┏━━

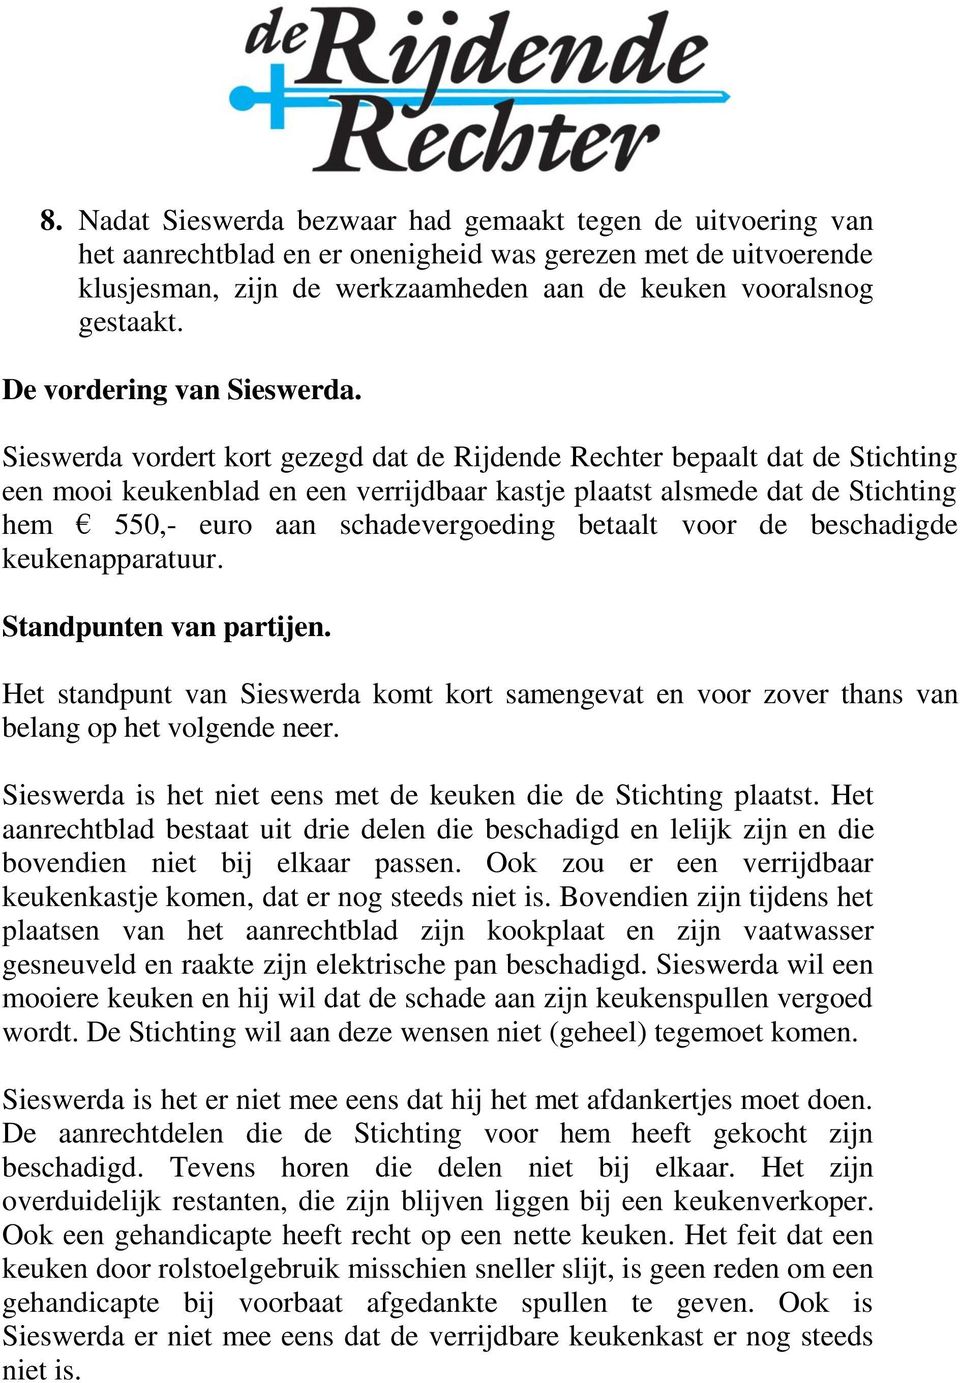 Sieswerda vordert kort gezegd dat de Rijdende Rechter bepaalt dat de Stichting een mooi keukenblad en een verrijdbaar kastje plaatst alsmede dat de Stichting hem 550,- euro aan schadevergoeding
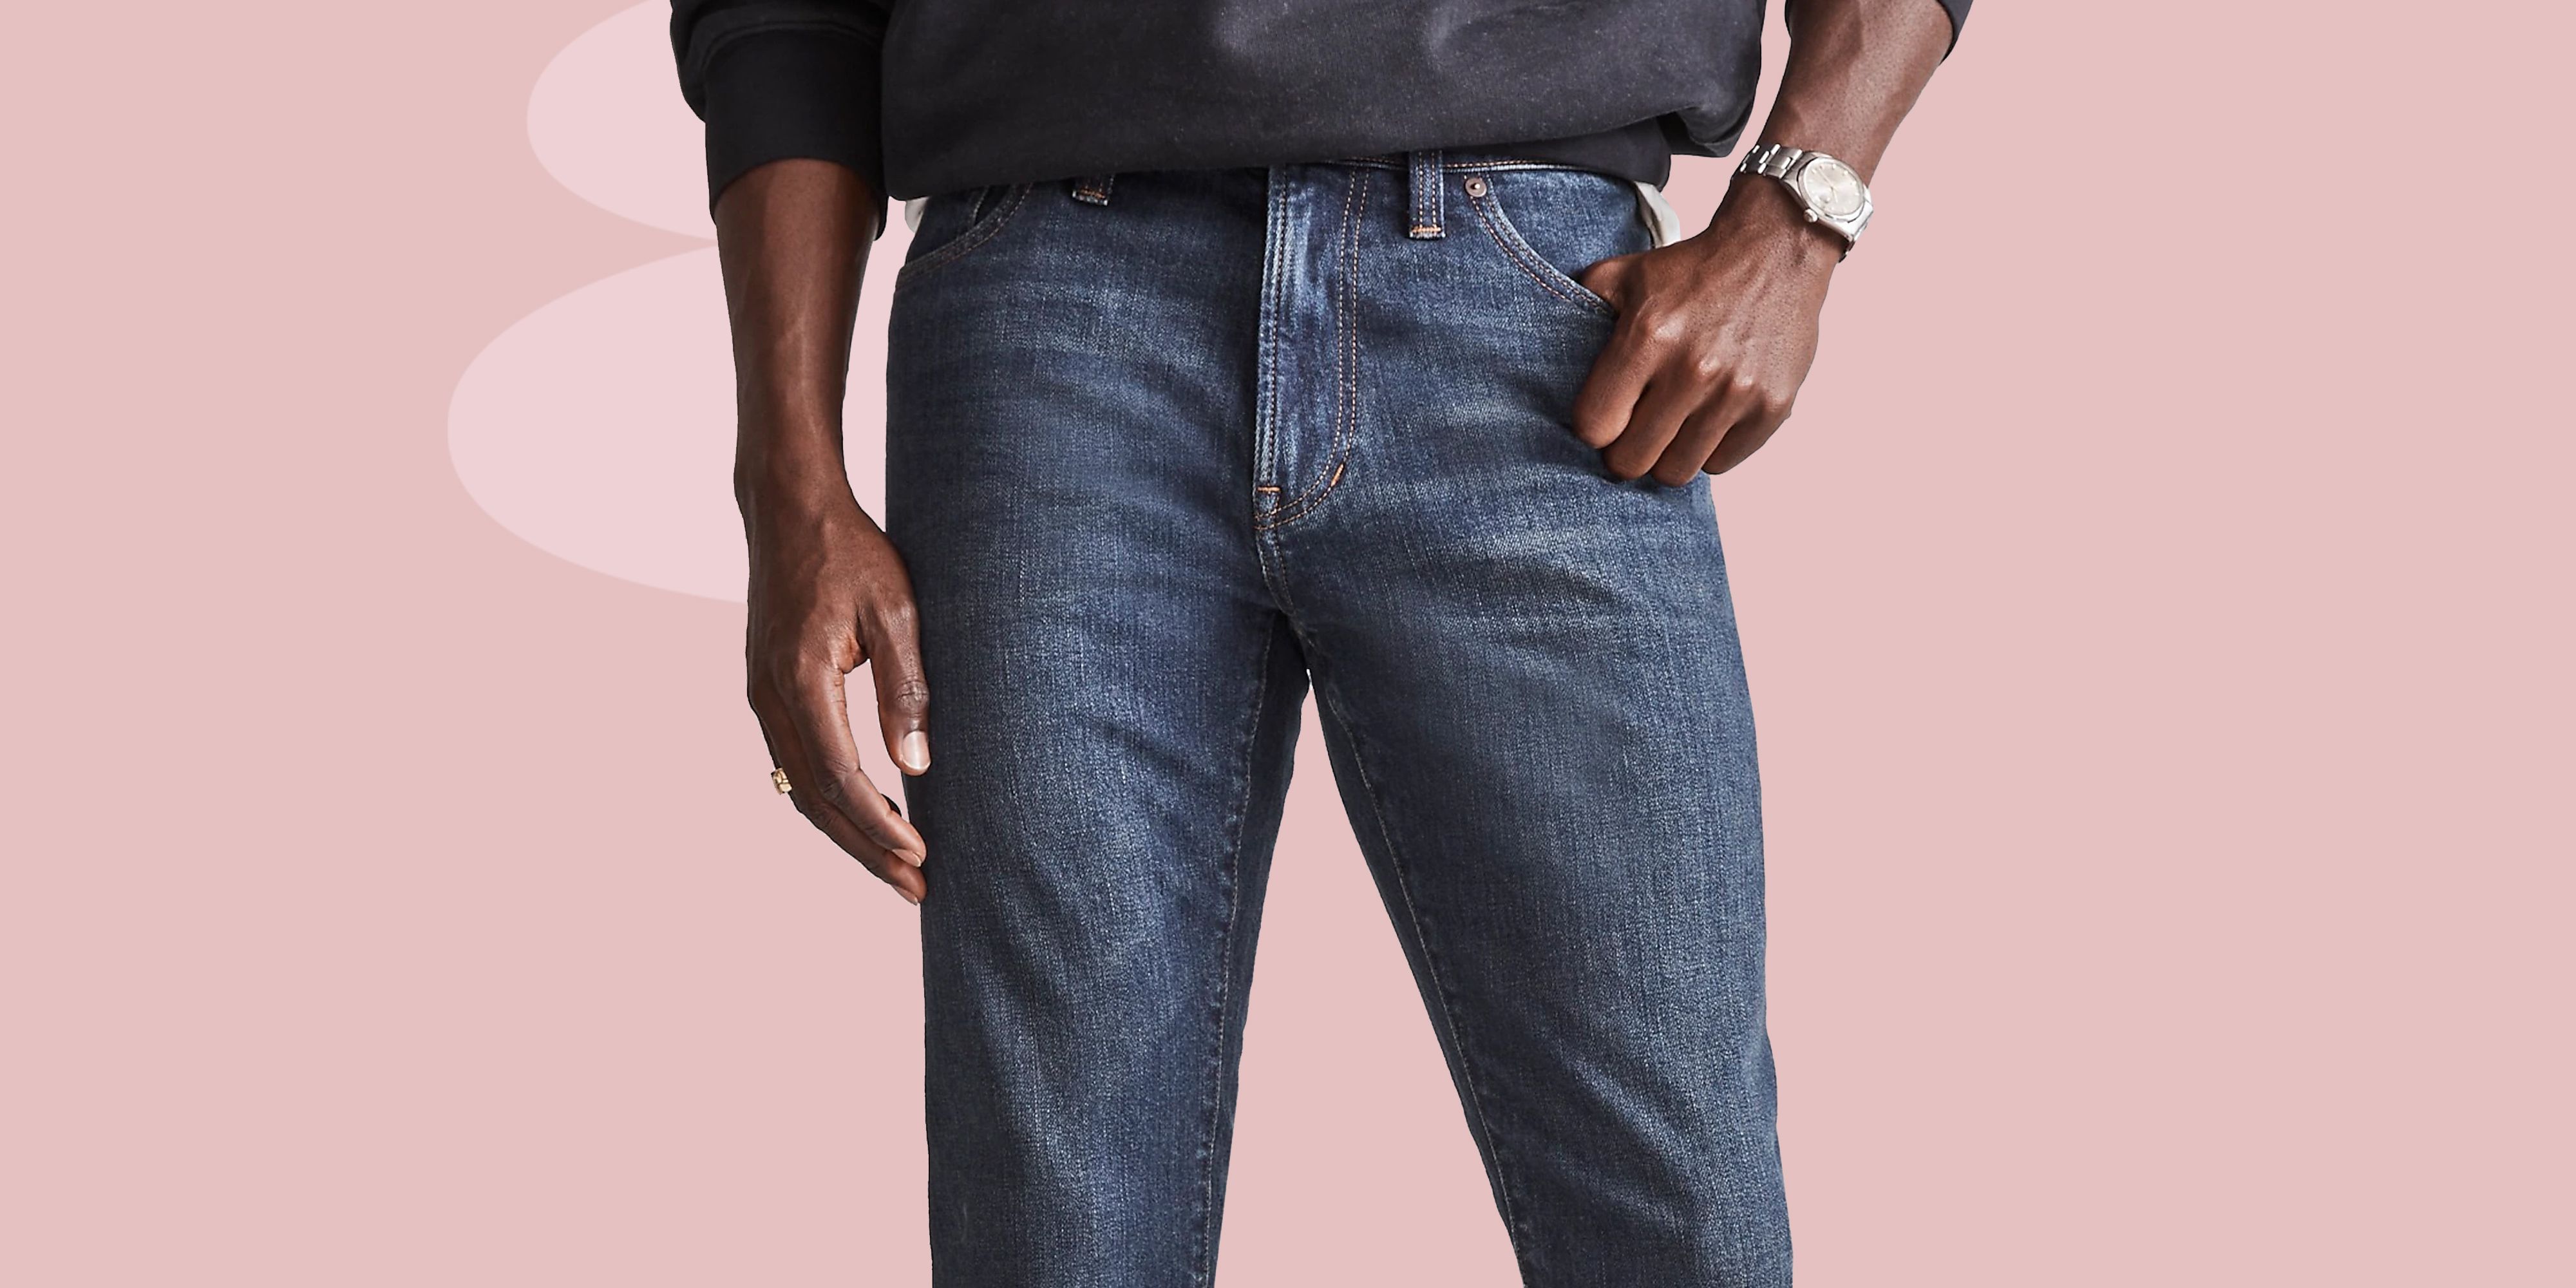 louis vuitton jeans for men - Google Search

┗━━
┏━━

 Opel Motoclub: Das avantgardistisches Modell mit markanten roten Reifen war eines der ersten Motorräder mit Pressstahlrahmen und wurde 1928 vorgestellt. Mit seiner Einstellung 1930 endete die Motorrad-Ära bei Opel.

┗━━
┏━━

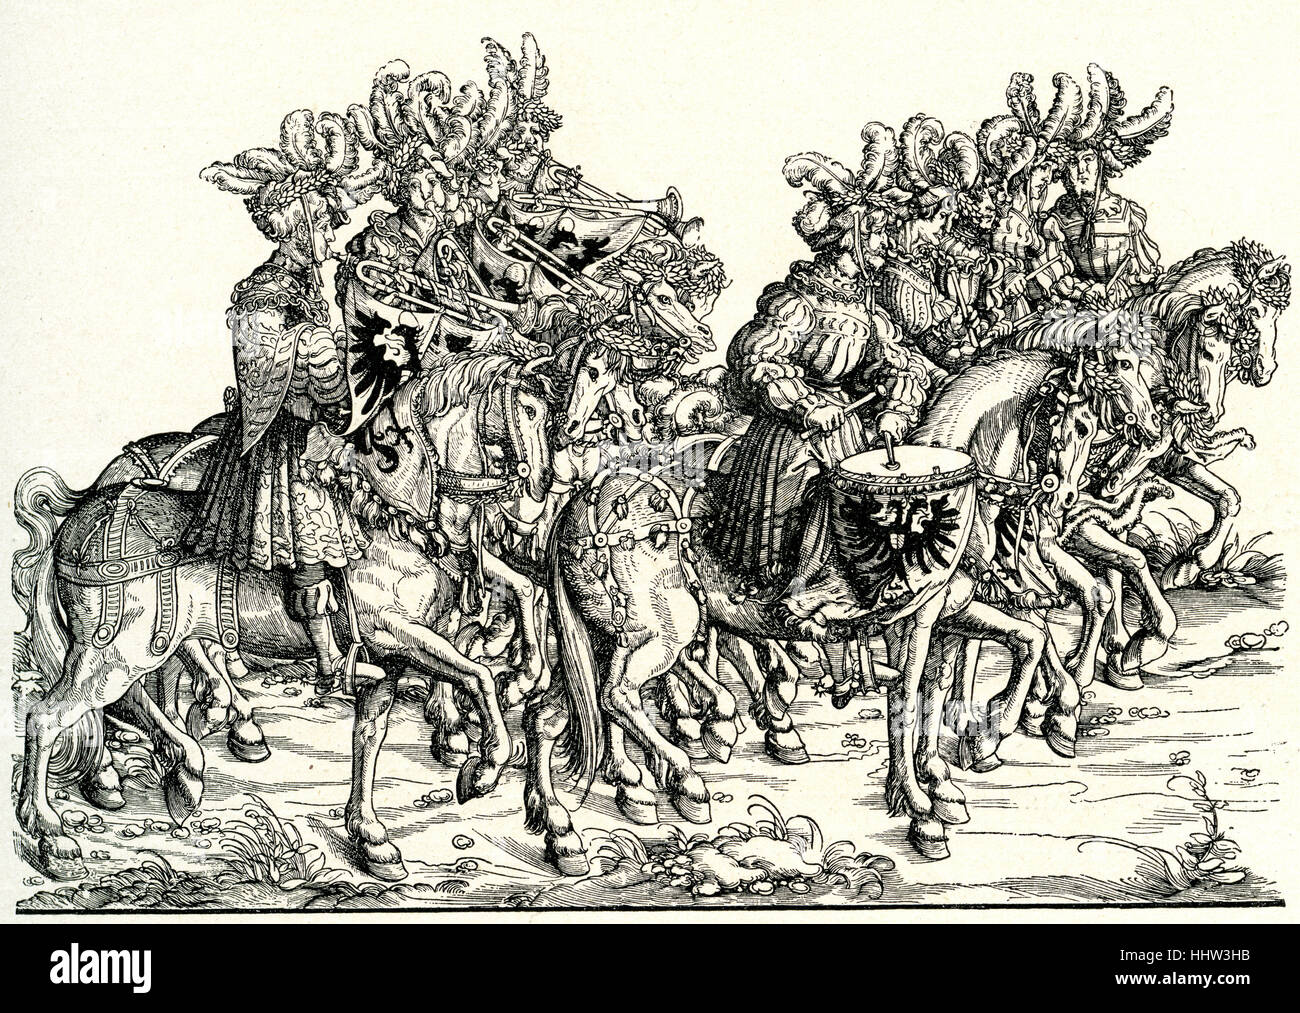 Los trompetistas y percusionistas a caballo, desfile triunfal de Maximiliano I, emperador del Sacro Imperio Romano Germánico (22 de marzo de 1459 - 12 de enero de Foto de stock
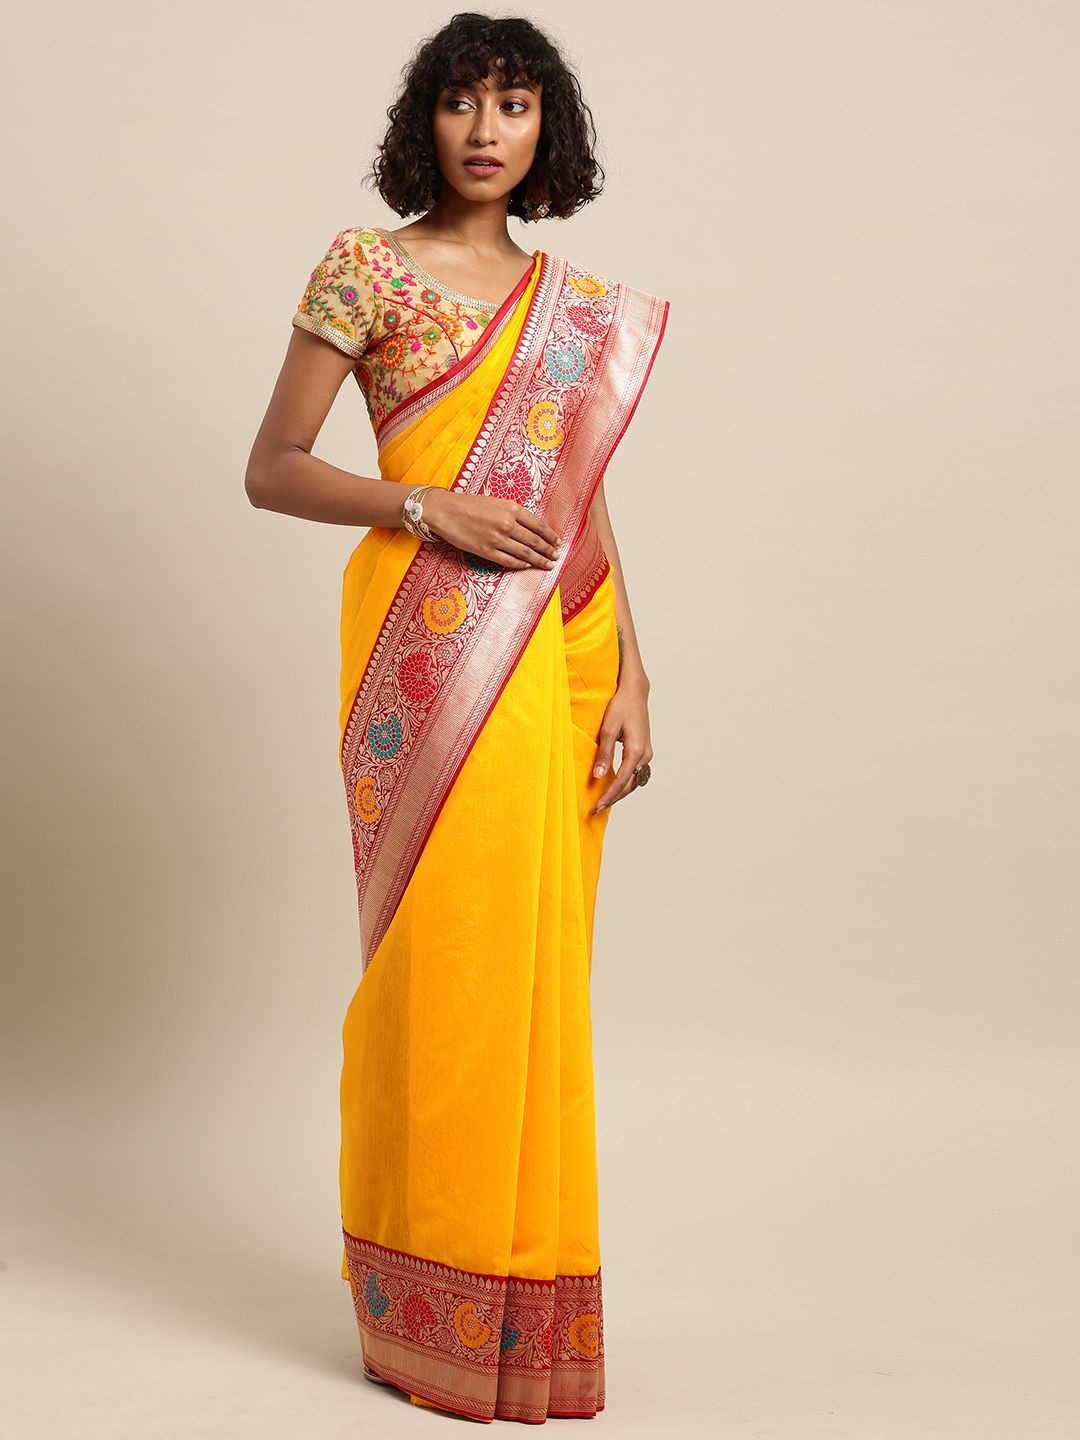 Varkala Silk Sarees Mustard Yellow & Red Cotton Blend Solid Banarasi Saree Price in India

┗━━

REQUIREMENT →
Please return the data above exactly as it stands from the line with "Sieswerda vordert kort" to the line with "louis vuitton jeans for men - Google Search", keeping both of those lines but none of the pictures.

RESPONSE TO THIS EXERCISE →
 Sieswerda vordert kort gezegd dat de Rijdende Rechter bepaalt dat de Stichting een mooi keukenblad en een verrijdbaar kastje plaatst alsmede dat de Stichting hem 550,- euro aan schadevergoeding
 louis vuitton jeans for men - Google Search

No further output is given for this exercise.